İşte yine uykusuz bir gece diye düşündü Sinem…

Yatağından kalktı , odanın diğer tarafına doğru yürürken ,ter içindeki beyaz geceliği iyice yapışmıştı bedenine. O kadar bıkmıştı ki bu kabuslardan!... Aynanın hemen önünde duran ilaçlarından hiç düşünmeden iki tane içip yorgun gözlerle kendine baktı. Oysa ne güzel başlamıştı güne, hep böyle oluyordu zaten …Şarkılarla ,gülen gözlerle ,yepyeni umutlarla başladığı günlerin gecesinde hep bu depresif, çelişkili ,mutsuz kadınla baş başa kalıyordu aynada!...

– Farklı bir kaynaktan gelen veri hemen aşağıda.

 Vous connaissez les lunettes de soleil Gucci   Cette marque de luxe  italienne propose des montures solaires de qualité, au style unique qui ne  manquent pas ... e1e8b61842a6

Işığı yaktı, odayı loş bir hava kapladı, bağdaş kurup öylece oturdu yatakta, neden sonra hemen yanı başında duran kağıt kaleme sarılıp birkaç dize karaladı ve düşünmeye başladı. Düşündükçe kendini yargılıyor, düşündükçe bitmek tükenmek bilmeyen sorgularla kendine işkence ediyordu.

“Düşünme artık onu !” diyordu aklı “Evet sevdin, aşık oldun ya da öyle sandın, neyse ne, geçti bitti, unut artık unut!! “

…ama yüreği… unutamıyordu işte, hem nefret edip hem neden unutamıyordu hala. Utanmadan, sıkılmadan, onca yaşattıklarına rağmen, onca gözyaşına rağmen hala sevebiliyor muydu!... ” Sevmek”, doğru kelime bu olmamalıydı, yaşamıştı sevgiyi, bu bambaşka bir duygu olmalıydı …

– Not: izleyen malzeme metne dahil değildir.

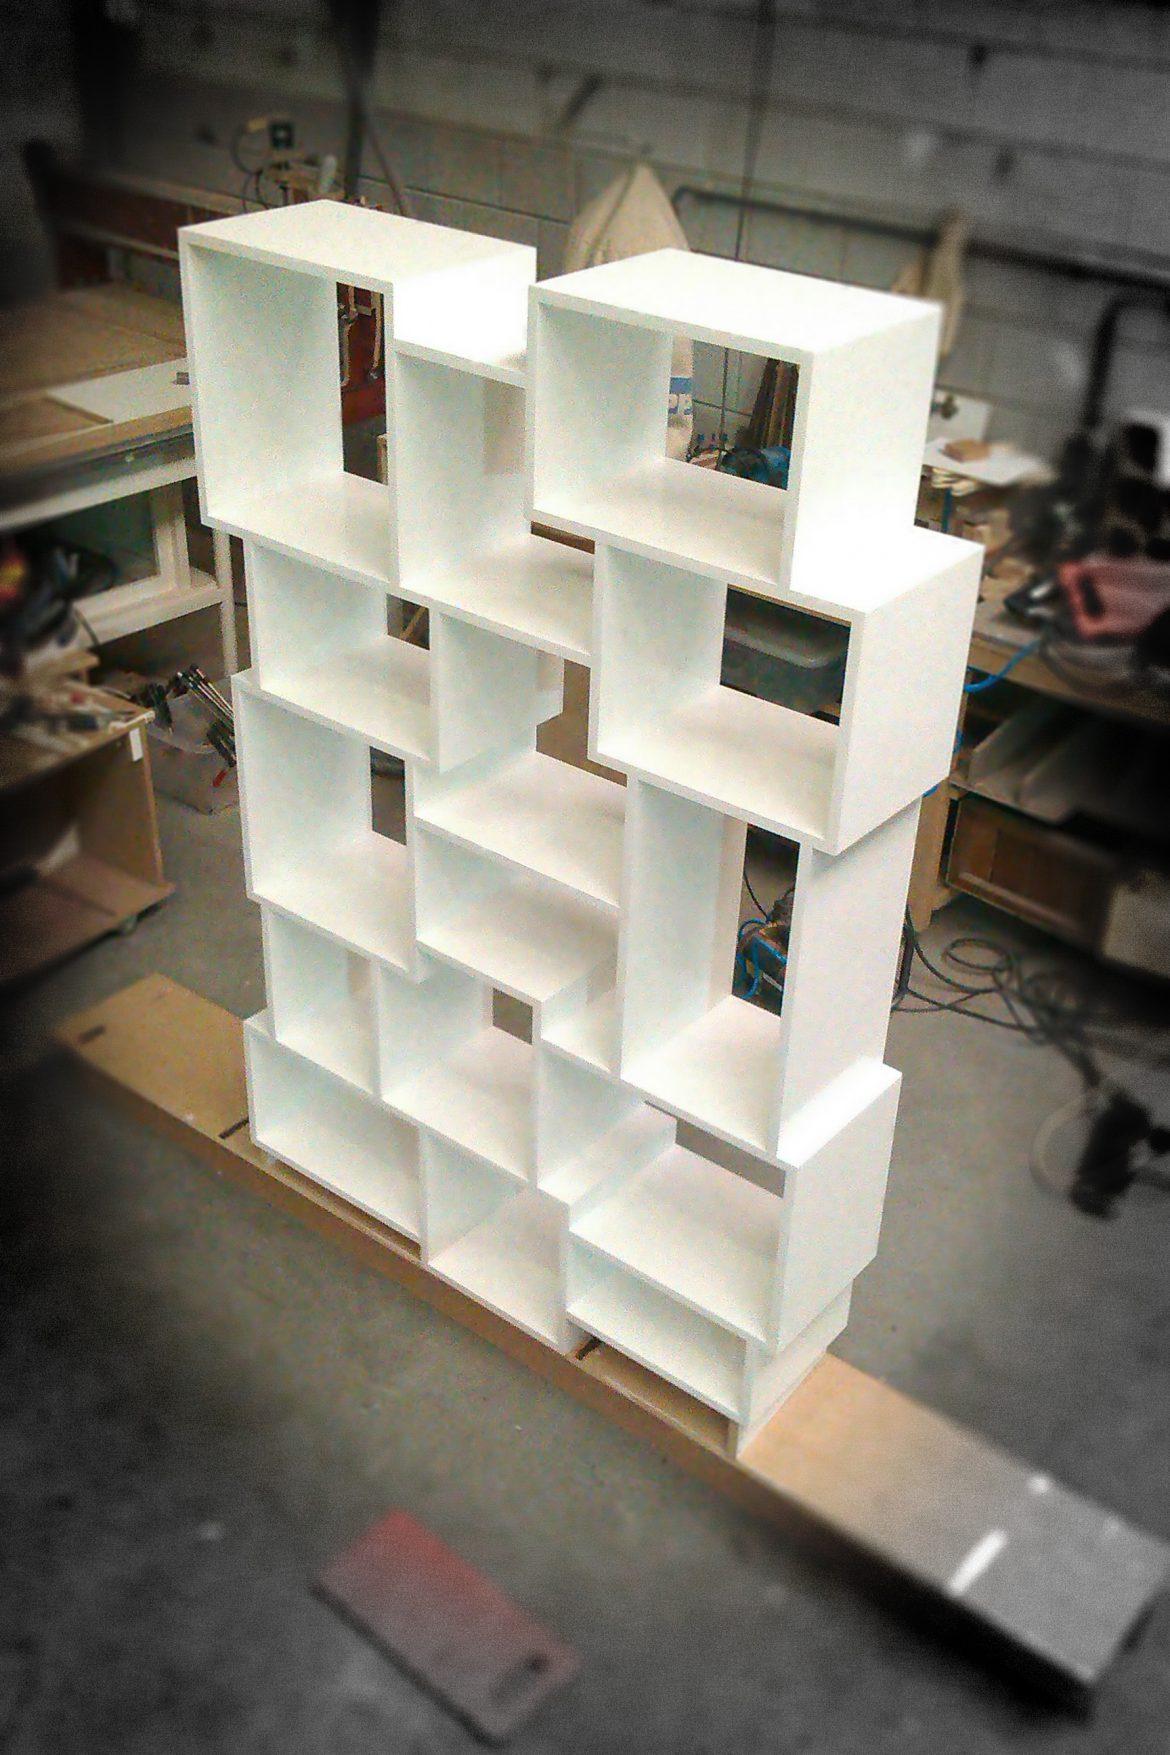 Witte Kast Met Vakken.Hangende Kast Met Verspringende Vakken In Aanbouw Atelier 180

“Sevgi , bu değil ki “diyordu aklı, sadece yarım kaldığı için, yaşayamadıkların için,yasak olduğu için,kendine koyduğun duvarları yıkamadığın lanet gururun için her gece bu kaosu yaşatıyorsun kendine!...

Başını ellerinin arasına alıp “yeterrrr” diye haykırdı Sinem, her konuda ama her konuda bu çatışmaların arasında kalmaktan o kadar yorulmuştu ki artık!... Yıllar boyunca yaşamıştı bunu, gecelerce çok hırpalamıştı kendini, her yaptığını, doğru mu yanlış mı diye tartmakla geçmişti ilk gençlik yılları…

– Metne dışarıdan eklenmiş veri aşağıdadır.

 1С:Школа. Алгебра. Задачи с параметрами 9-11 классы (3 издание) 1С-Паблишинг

Günlüğünü çıkardı sakladığı yerden, aklındakileri yazmaya başladı, o kadar hızlı ve sabırsızca karalıyordu ki, cümlelerin başı sonu birbirine karışıyordu, bir anda bıraktı defteri, ya birisi görse, birisi okusa, ya senelerdir yüreğinde taşıdığı yükü öğrense… İşte yine başlamıştı korkuları, kendine yaptığı eziyetleri bitmezdi ki!... Kalkıp bir bardak su içti, sonra bir daha, içi yanıyordu sanki… Mutfaktan çıkarken bir şarkı düştü diline, gecenin bir vakti şarkı söylemeye başladı. Gözlerinden sicim gibi akan yaşları fark ettiğinde ilaçlar etkisini göstermeye ,bedeni uyuşmaya başlamıştı.

Yüreğinde biri vardı, aklında bir başkası… Bu ,onun cehennemiydi işte… Güveni ve huzuru seçtiğinde kapatmıştı oysa o sayfayı, yepyeni umutlarla bir sayfa açmaya çabalıyordu, yürümeyi öğrenmeye çalışan bir bebek gibi tekrar gülmeyi öğreniyordu…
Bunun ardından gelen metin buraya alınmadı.